Такое вот письмо. Может, это бред? Может, я болен? Но нет, письмо и не думало растворяться в воздухе. Несколько раз перечитал и все равно не мог понять, как? Может, пошутил кто-то? Да, скорей всего, потому что… Конечно, из-за этой проклятой эпидемии весь город выбился из колеи. Но полиция-то работает! Пускай, полицейские оделись в противочумные костюмы и стали похожи на пингвинов, но эти пингвины-то, ведь ходят по улицам! А тут, человек, которого ищет полиция всей страны, собирается на глазах у всех, в лучшем ресторане города отмечать свой день рождения. Да и ресторан… Какой к чертям ресторан, если никто без респиратора и за порог не выходит? Теперь все позакрывалось. На дверях магазинов и-то висят замки… чушь какая-то!

Я бросил письмо в ящик стола, чтобы о нем больше не вспоминать, но тут подумал, что третье мая уже сегодня, а до четырех остается всего три часа. От этой мысли стало не по себе. Я опять достал письмо и еще раз перечитал. Взгляд задержался на самой первой строчке: «Уважаемые г. г. Никифор и Кора Пистис…» И тут у меня задрожали руки. Я уронил картонный прямоугольник на пол.

Кора – это моя жена. Мы десять лет просидели за одной партой и поженились сразу после школы. А полтора месяца назад расстались. Точнее, если уж говорить честно, я ее бросил. Из-за чего? В общем, у нас не было детей. Из всех этих запутанных врачебных объяснений я так толком и не понял, по чьей вине. Но дело не в этом. Я ее любил. Сильно, по-настоящему, но бросил. Да еще так жестоко и гадко, что лучше не вспоминать. Она плакала. Она спрашивала, «за что?», а я только цедил сквозь зубы, что устал. Она говорила, что так бывает, что нам стоит не видеться пару недель, может, месяц, и это пройдет, все опять станет как раньше, но я не соглашался. Кора напоминала мне собачонку, которую хозяева вышвырнули на улицу: меня почти тошнило от ее жалкого, измученного вида. А когда совсем стало невмоготу, назвал ее бесплодной шлюхой, – никогда не думал, что скажу ей такое, – собрал вещи и ушел.

Я снял квартиру без телефона в Генуэзском квартале Петры, но она откуда-то узнала мой новый адрес. Пришла. Звонила, кричала, всхлипывала там за дверью, а я сидел, боясь пошевелиться, и делал вид, что меня нет дома. Потом послышались удаляющиеся шаги. Больше я ее не видел.

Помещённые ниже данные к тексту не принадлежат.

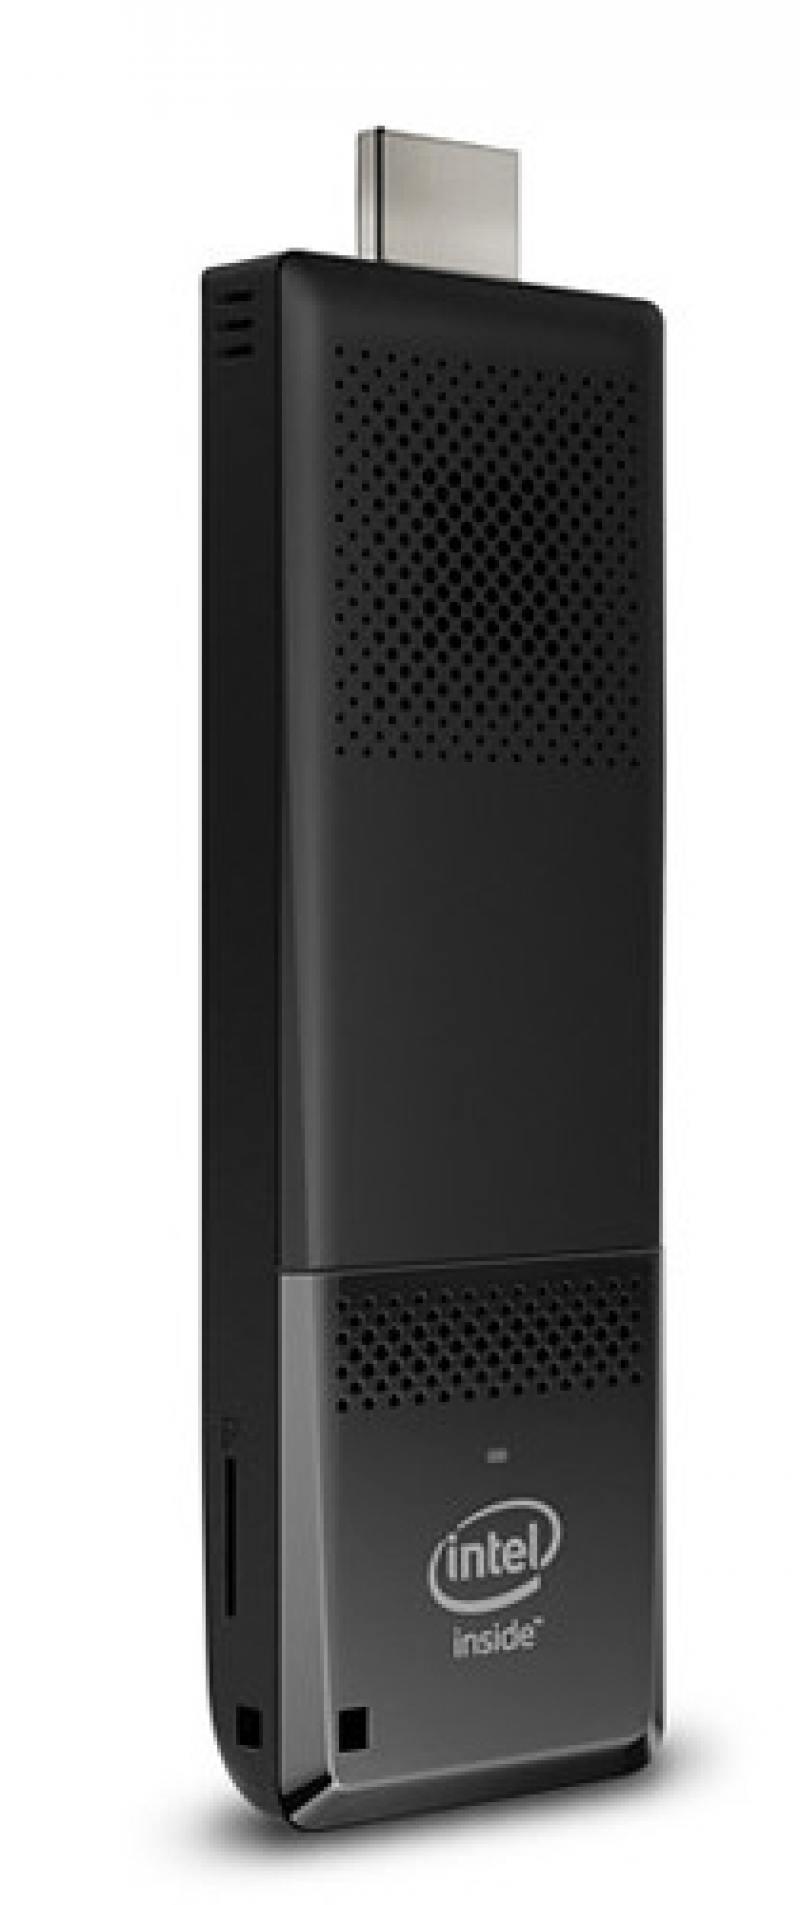 Платформа INTEL Compute Stick BOXSTK2M3W64CC Black / Intel Core m3-6Y30 2.2GHz / 4GB / 64GB eMMC / HD 515 /Win 10 Home цены

Как такое могло случиться? Не знаю. Помню только, что перед этим забыл ее лицо. Подолгу смотрел на нее, как на картину: ей даже неловко становилось от моего взгляда, но, когда закрывал глаза, не мог уже ничего вспомнить. Точнее, постепенно, лицо Коры в моей памяти вытеснило лицо другой женщины. Я никогда ее не видел и вряд ли когда-нибудь встречу. Скорее всего, ее вообще никогда не было.

У Коры черные вьющиеся волосы и смугловатая кожа. Та женщина была светло-русой. У нее было бледное лицо и голубые глаза. Такие глаза бывают у мадонн и ангелов на итальянских фресках. Иногда она говорила со мной. Это были обычные слова, но какие-то стершиеся, что ли, обессмысленные… мне казалось, она куда-то меня зовет, но я не понимал, куда. Или боялся это понять, не знаю.

Согласен, слишком смахивает на бред. Не спорю. Говорю же, сам не знаю, что это было. Хорошо еще, все быстро прошло. Больше не хотелось думать о той женщине. Да и о Коре, тоже. Мне было пусто. Я ничего не чувствовал, как будто в мозг и в сердце впрыснули по шприцу новокаина.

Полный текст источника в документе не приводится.